Re: Union+group by planner estimates way off?

From
Tom Lane
Date:
"Arthur Ward" <award@dominionsciences.com> writes:
> EXPLAIN ANALYZE SELECT id FROM
> (SELECT id, commodity FROM commodities WHERE commodity IS NOT NULL
>    UNION
>  SELECT id, fak FROM commodities WHERE fak IS NOT NULL
> ) all_commodities GROUP BY id;
>                                                                            QUERY
> PLAN
>
----------------------------------------------------------------------------------------------------------------------------------------------------------------
>  HashAggregate  (cost=15939.16..15939.16 rows=200 width=4) (actual
> time=3537.281..3680.418 rows=83306 loops=1)
>    ->  Subquery Scan all_commodities  (cost=14002.00..15697.02 rows=96858
> width=4) (actual time=2268.052..3214.996 rows=95715 loops=1)

It's falling back to a default estimate because it doesn't know how to
find any statistics for the output of a sub-select.  I have a TODO
somewhere about burrowing down into sub-selects to see if the output maps
directly to a column that we'd have stats for ... but it's not done yet.

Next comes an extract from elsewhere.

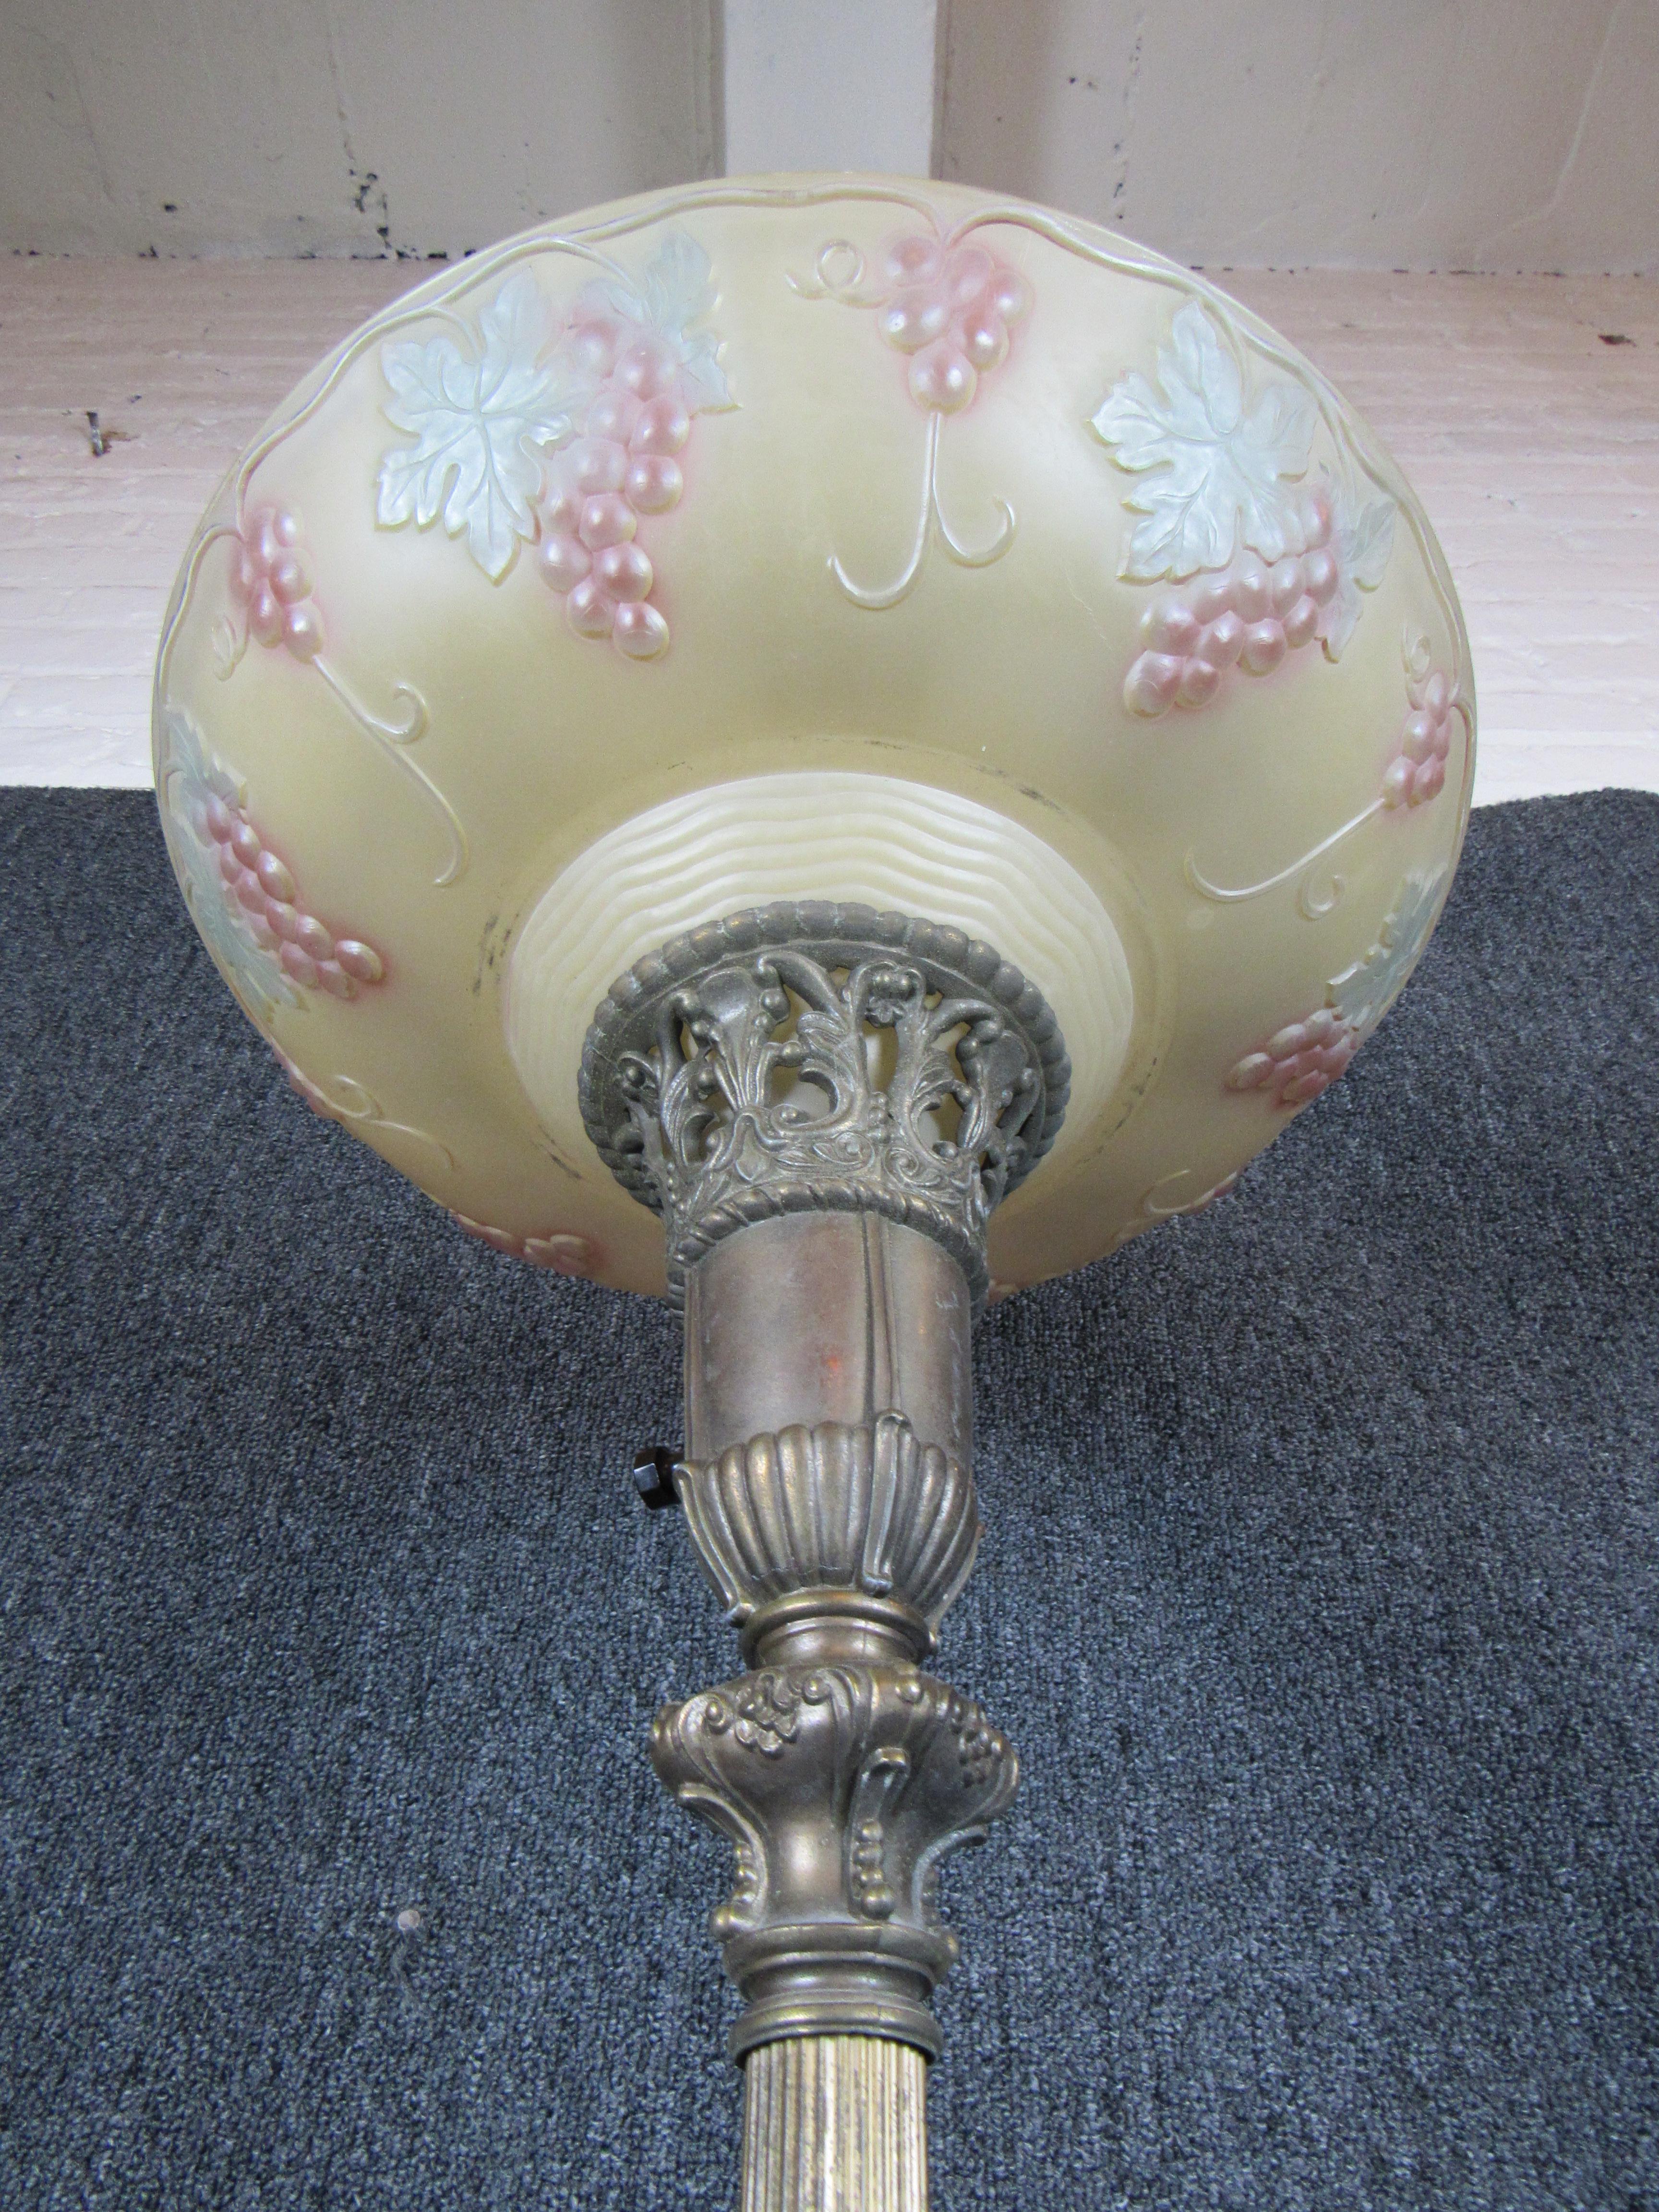 Bring an elegant light into any space with this stunning antique torchiere lamp. A lovely marble and brass base features the timeless beauty of Art Nouveau adornments while it's blown glass shade adds style day or night.

In this particular case the inaccurate estimate doesn't matter too much,
I think, although it might be encouraging the system to select hash
aggregation since it thinks the hashtable will be pretty small.  If the
estimate were getting used to plan higher-up plan steps then it could
be a bigger problem.

            regards, tom lane

Re: Union+group by planner estimates way off?

From
"Arthur Ward"
Date:
> In this particular case the inaccurate estimate doesn't matter too much,
> I think, although it might be encouraging the system to select hash
> aggregation since it thinks the hashtable will be pretty small.  If the
> estimate were getting used to plan higher-up plan steps then it could
> be a bigger problem.

That's my problem; this is a subselect feeding in to a larger query. That
wrong estimate causes the planner to select a nested-loop at the next step
up. At 83,000 rows, the word is "ouch!"

At any rate, I discovered this while dissecting a giant & slow query.
Hence, while disabling nested-loop joins avoids this particular pitfall,
it's not good for the bigger picture. I think I'm going to end up
splitting this larger query into smaller parts and reassemble the pieces
in the application so I can push some smarts past other subselect
boundaries. For my purposes, that should skirt the issue of union+group
estimates not being calculated.

As always, thanks for the fast answers!